The only way I found to have this double-descent behaviour for T5 pre-training is including this weird RMS-LR scaling, and I tested it for variety of optimizers (Adam, Sophia, Lion). None of them converged to loss lower than 4, and after I added RMS-LR scaling they worked. I think that regular Adam is optimal for huge variety of tasks, but T5 pre-training is not one of them. The question is why :)
Hmm, but what if the thing they mention in the Section 8 of the Adafactor paper is true for this instance of T5 model. Have a look here. In HF they in fact initialise weight matrices in a complex way (e.g. they do not scale the attention scores by the sqrt(h_dim)
but initialise the attention weights appropriately so that it's not needed). Maybe relative step size is necessary in this scenario
Thanks, that's great to see the whole graph - such images almost always have the beginning cut off :) And I didn't know that about the two-phase loss curve for T5 models! Very interesting.

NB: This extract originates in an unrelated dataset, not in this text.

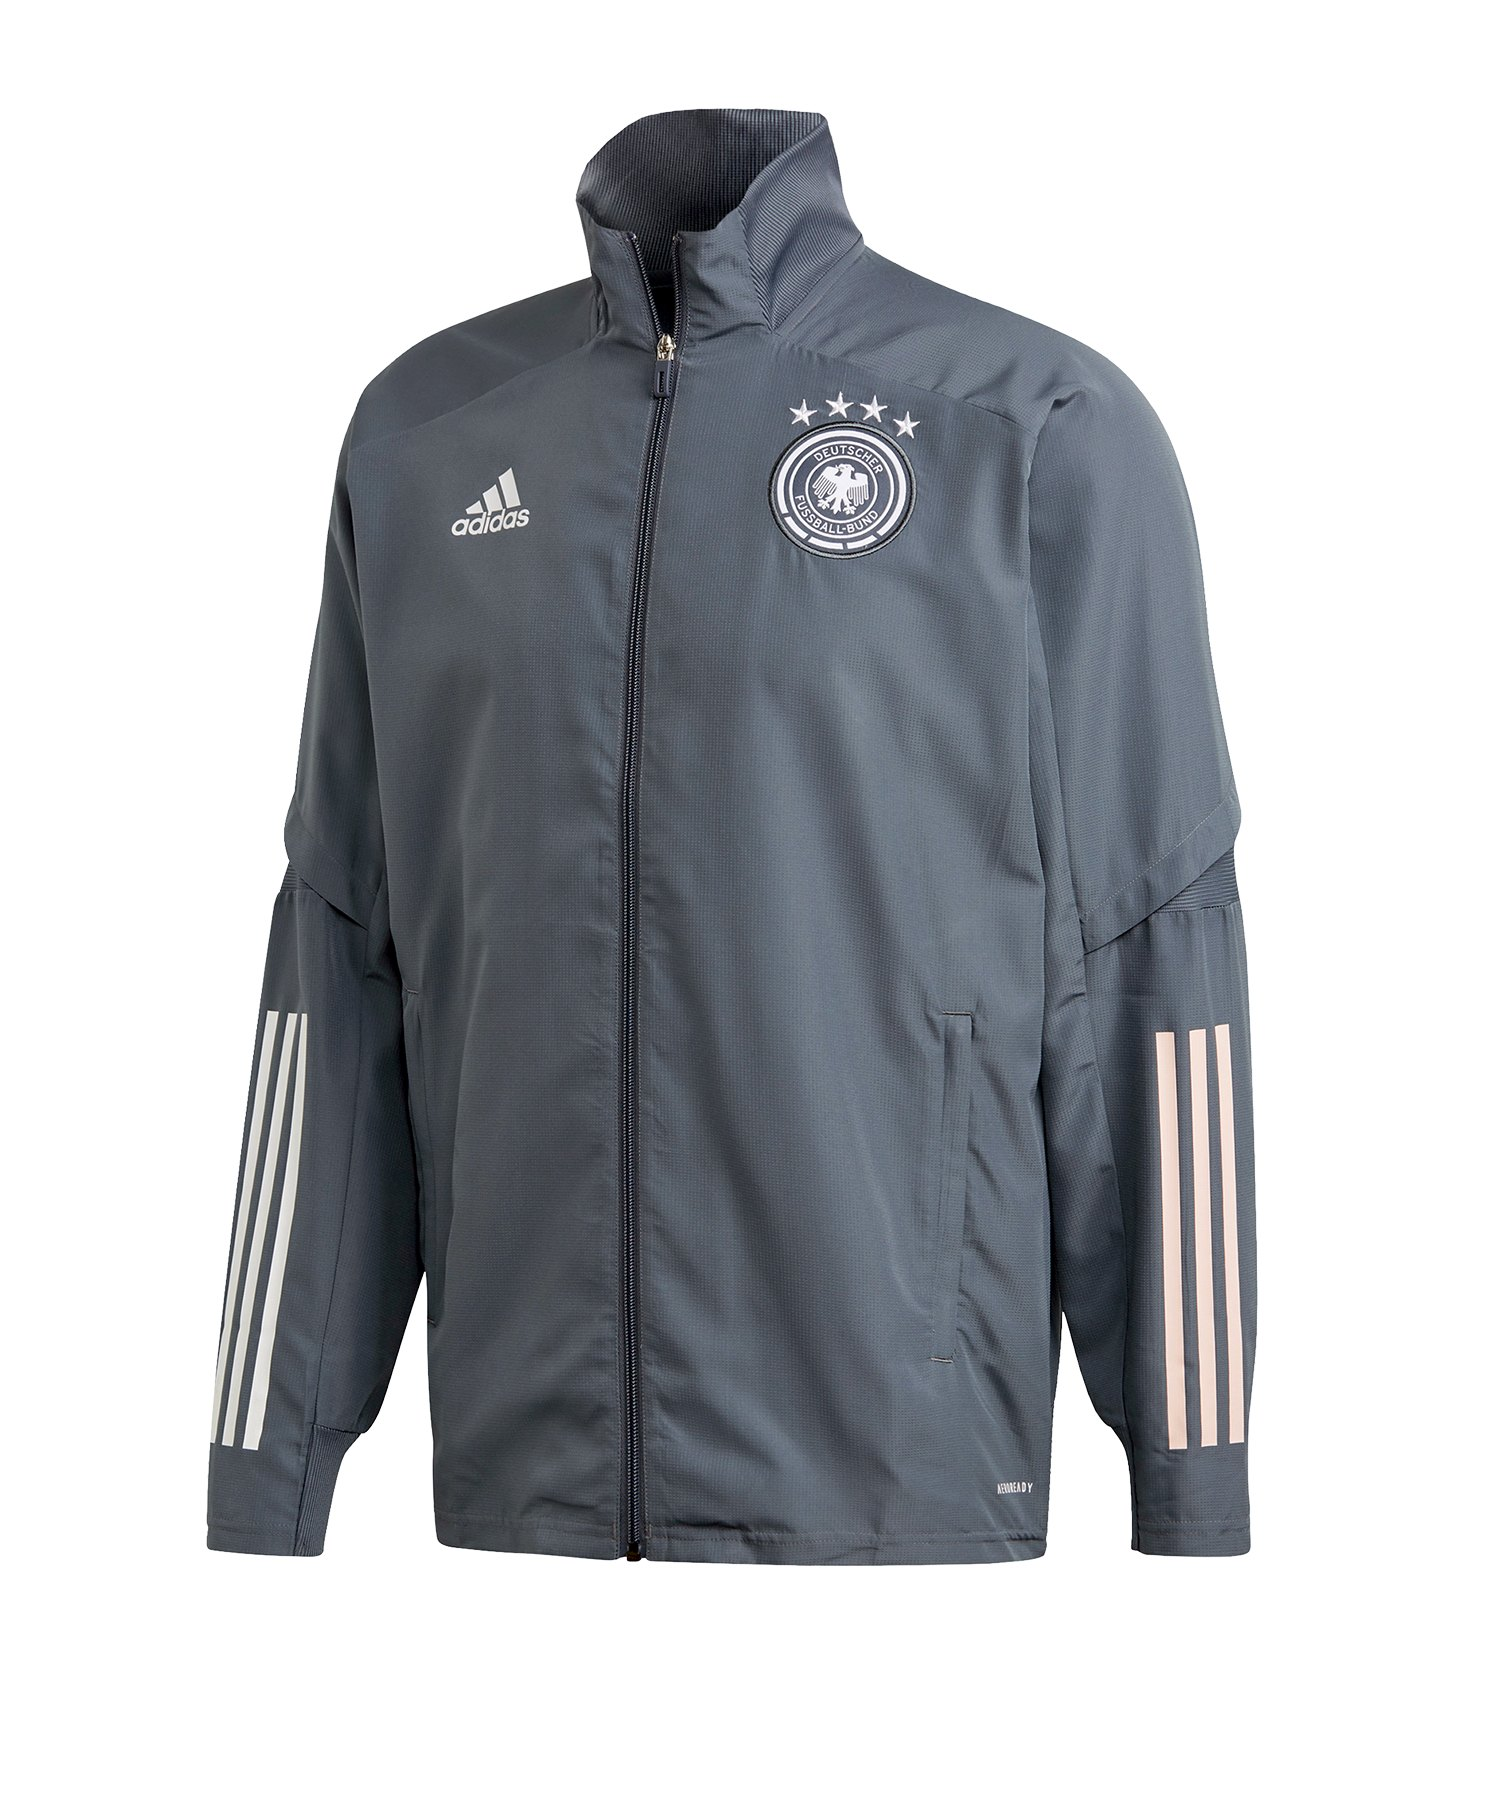 adidas dfb deutschland z.n.e jacke woven schwarz

Sounds like maybe the relative step size is helping you get past that part where the loss curve flattens temporarily right around 5? like in the graph from that HF blog you mentioned https://yhavinga-pre-training-dutch-t5-models.hf.space/media/2c8d9281e22bee471f438c8658cd4faca4e1bb905d4fe41ea2c899a4.png
One idea is maybe the two-phase aspect is somehow a result of it finally 'escaping' the 1e-3 small param regime? Which is where it then can improve the learning rate
Haha, I changed the initialisation of the model so that all weights are drawn from the same distribution and regular Adam worked! Thanks for brining this up, mystery solved. However, this trick from Adafactor is actually super cool, because this makes the optimiser more initialisation agnostic!
Wow, that's great! So glad I accidentally helped!!!
Would you mind posting a graph of the new descent? I'd like to see how that hump changed!
The hump is exactly the same, I'll try to post the updated version of the repo soon : )
Neat. That's interesting to find out that the hump is a fundamental part of the model and not simply an artifact of the RMS-LR scaling trick.
@PiotrNawrot : did you have time to incorporate these findings into the report? It sounds really encouraging!
@Taytay We're currently investigating it with others in https://github.com/PiotrNawrot/nanoT5/issues/25. You are welcome to join the discussion if you are interested.
@SmerkyG also - we're currently investigating it with others in https://github.com/PiotrNawrot/nanoT5/issues/25. You are welcome to join the discussion if you are interested.
Could you shed some light on how the RMS scaling code used in AdamWScale is supposed to work? Seems like it has a bug, but maybe there's some magic I'm missing there...
This seems extremely different than what Adafactor does, which first calculates the expected parameter update, and then scales it like
update = step_size * max(1, rms(update) / clipping)
The nanoT5 code appears to scale each parameter's update by
_rms(its own parameter value)
, rather than_rms(the parameter's desired update)
And then uses a magic constant which is maybe meant to somehow refer back to the default learning rate?